The main attraction of decentralized exchanges is that they do not store customer funds. Thus, even in the event of serious attacks, such as those on Mt. Gox, which occurred in 2014, your funds will not be at risk, and confidential information will not be transferred to third parties.


We have listed the token

Tokens that are not listed on centralized exchanges are available for trading on DEXs subject to supply and demand.


Cons of DEX

Ease of use

In reality, DEXs are not nearly as user-friendly as traditional exchanges. Centralized platforms offer trades in real time, eliminating the need for the user to wait for the lock time to expire. For beginners who are not familiar with cryptocurrency wallets, CEXs provide a simpler experience. If you have forgotten your password, you can easily reset it. However, if you lose your seed phrase, your funds will be lost forever in cyberspace.
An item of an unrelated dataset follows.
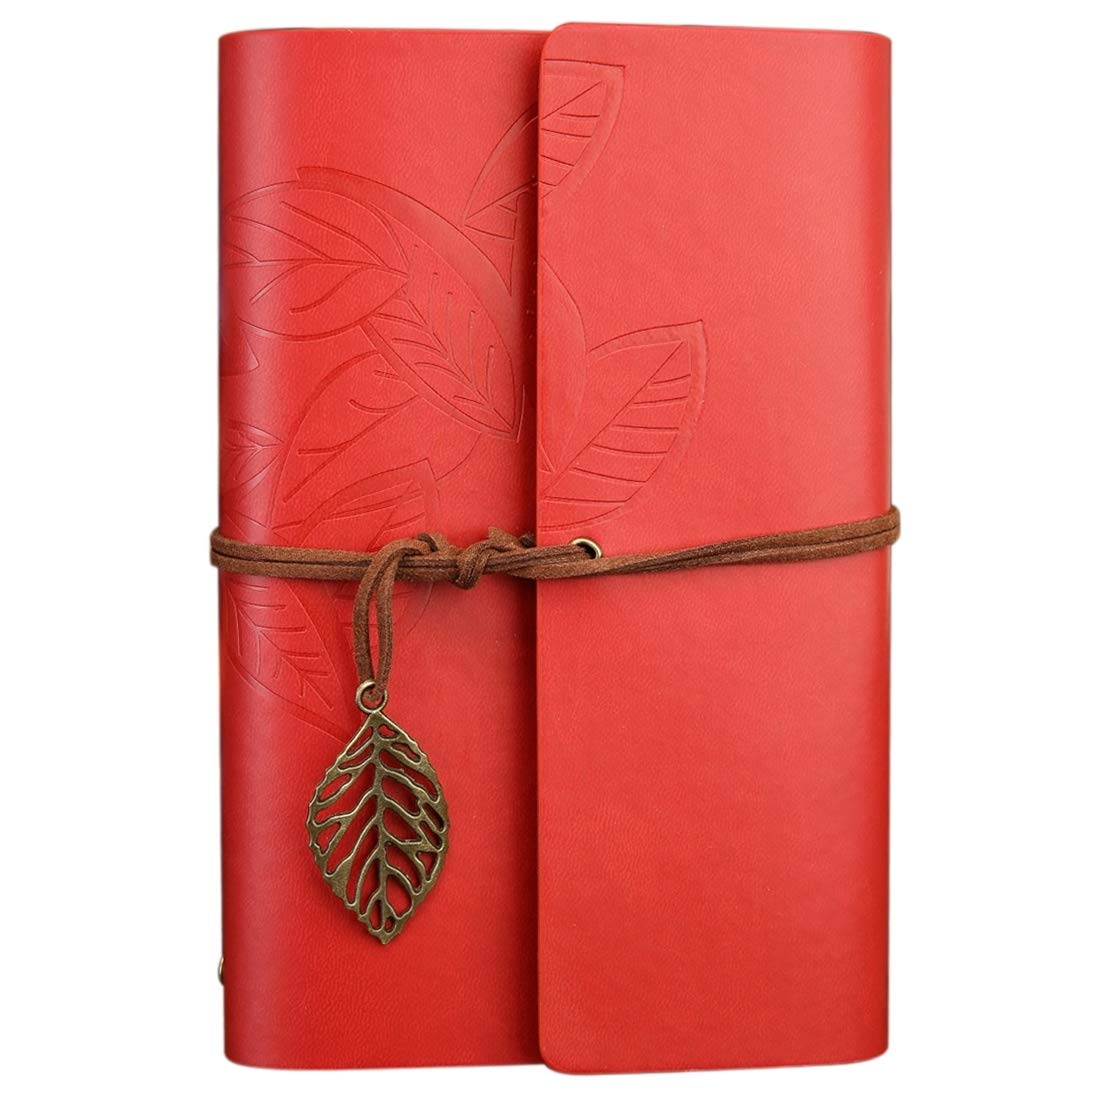 Hermoso Tamaño: S, Creativo de Retro Hojas de Creativo otoño Patrón Hojas Sueltas Cuaderno de Viaje Cuaderno Oficina (Color : Azul) 2198c0

Trading volumes and liquidity

Trading volume on CEX continues to outpace volume on DEX. Much more importantly, CEXs tend to have greater liquidity. Liquidity is a measure of how easily an asset can be bought and sold at a reasonable price. In a highly liquid market, bid and ask prices differ slightly, demonstrating high competition between buyers and sellers. In an illiquid market, you will have a harder time finding an offer at a reasonable price.

DEXs are still relatively niche, so there isn't always a supply and demand for the crypto assets you want. You may not be able to find some trading pairs, and if you do, it will most likely not be at a very fair price.


Commission

Fees are not always higher on DEXs, but they can cost a significant amount during periods of network congestion or when using an on-chain order book.


Summary

Over the years, many decentralized exchanges have emerged, each aiming to simplify the user experience and create more powerful trading platforms. Ultimately, this idea is very much in line with the principle of independence: as with cryptocurrencies, users do not need to trust a third party.

With the advent of DeFi, Ethereum-based DEXs have gained a lot of popularity. In the future, we are likely to witness many technological innovations in this industry.